Building a Peacekeeping Strategy

- Workshop participants offered a diverse set of prescriptions for a renewed American peacekeeping strategy:

— Intelligence Sharing: The United States could provide situational awareness as well as early warning information to the UN. While overt U.S. intelligence support would be toxic, the United States could pass information to DPKO that would increase mission safety on the ground and bolster existing early warning and analysis functions. Beyond information, the United States could also provide situational awareness technology and analysts to the UN.

— Women in Peacekeeping: Increasing deployment of women police and peacekeepers would advance the UN’s goal of gender mainstreaming. The United States has a comparative advantage in deploying women because it allows women in combat and police roles.

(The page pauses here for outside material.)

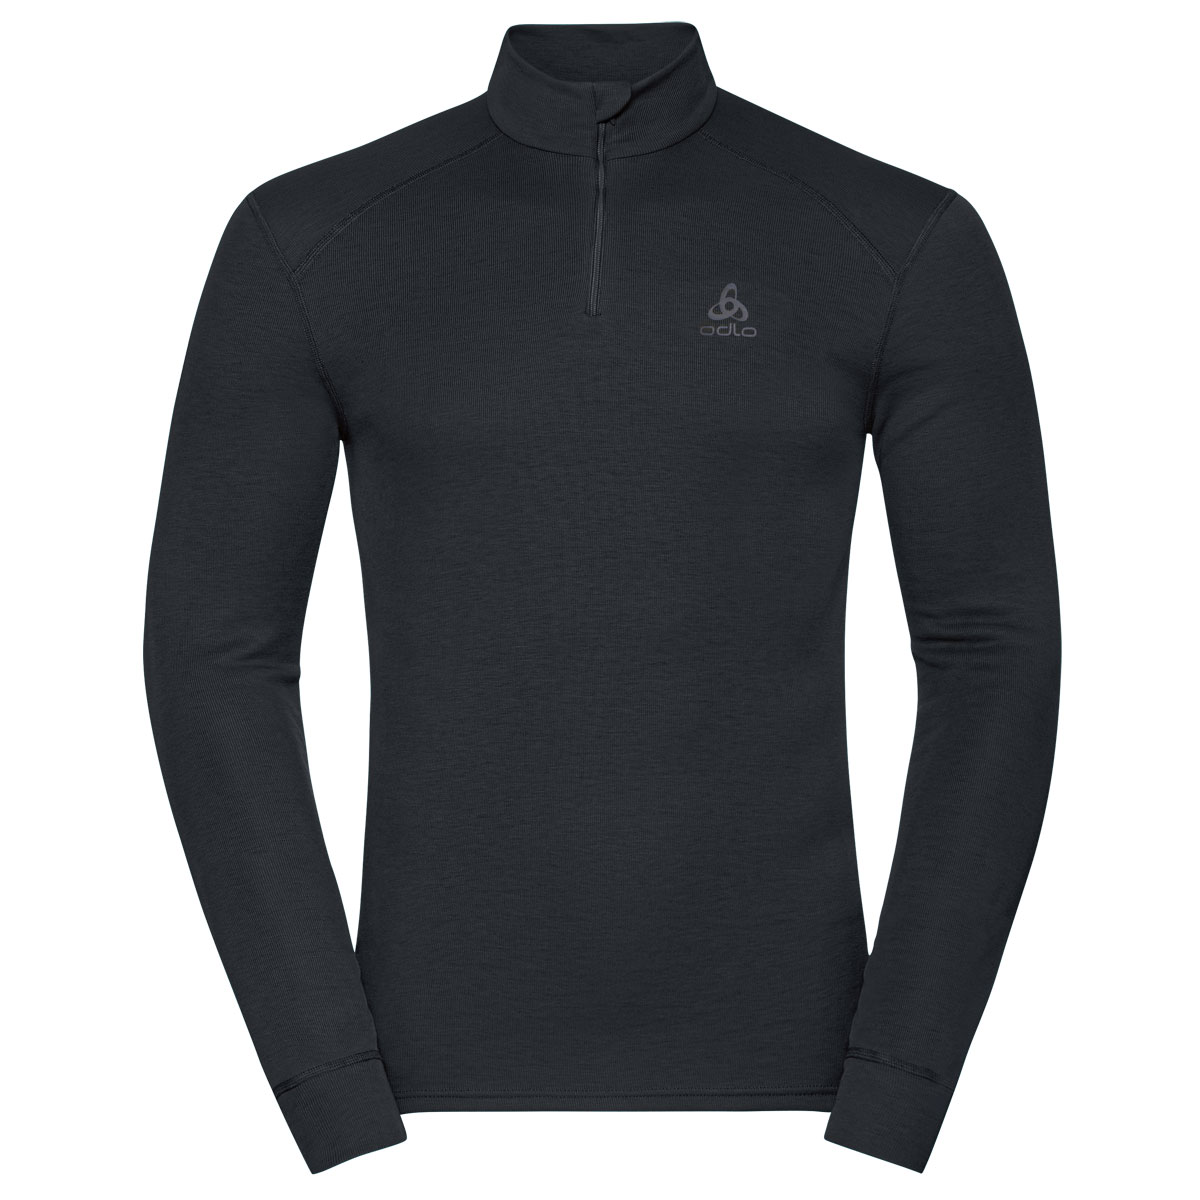 Produktbild von Odlo Active Warm Half-Zip Turtleneck Langarm-Unterhemd Herren - schwarz

- Advocacy in Turtle Bay: U.S. advocacy on the following issues could have positive impacts on UN peacekeeping:


 The United States can send a strong message to UN leadership that the most important criterion for selection of senior mission leadership (such as special representatives of the secretary-general and their deputies, force commanders, and police commissioners) must be quality, rather than political considerations.


 The United States can advocate for more coherent interventions on the ground, particularly better transitions from heavy military deployments, which are expensive, to lighter civilian-led operations.

— Training Metrics: To improve training of peacekeepers through GPOI, the United States could improve the tools used to measure trainees’ success. A better understanding is needed of the gaps in training by American trainers, as well as trainers trained by the United States.

— Lessons Learned: With enhanced niche capacities resulting from the wars in Iraq and Afghanistan, the United States can leverage new expertise and repurpose it for UN peacekeeping operations.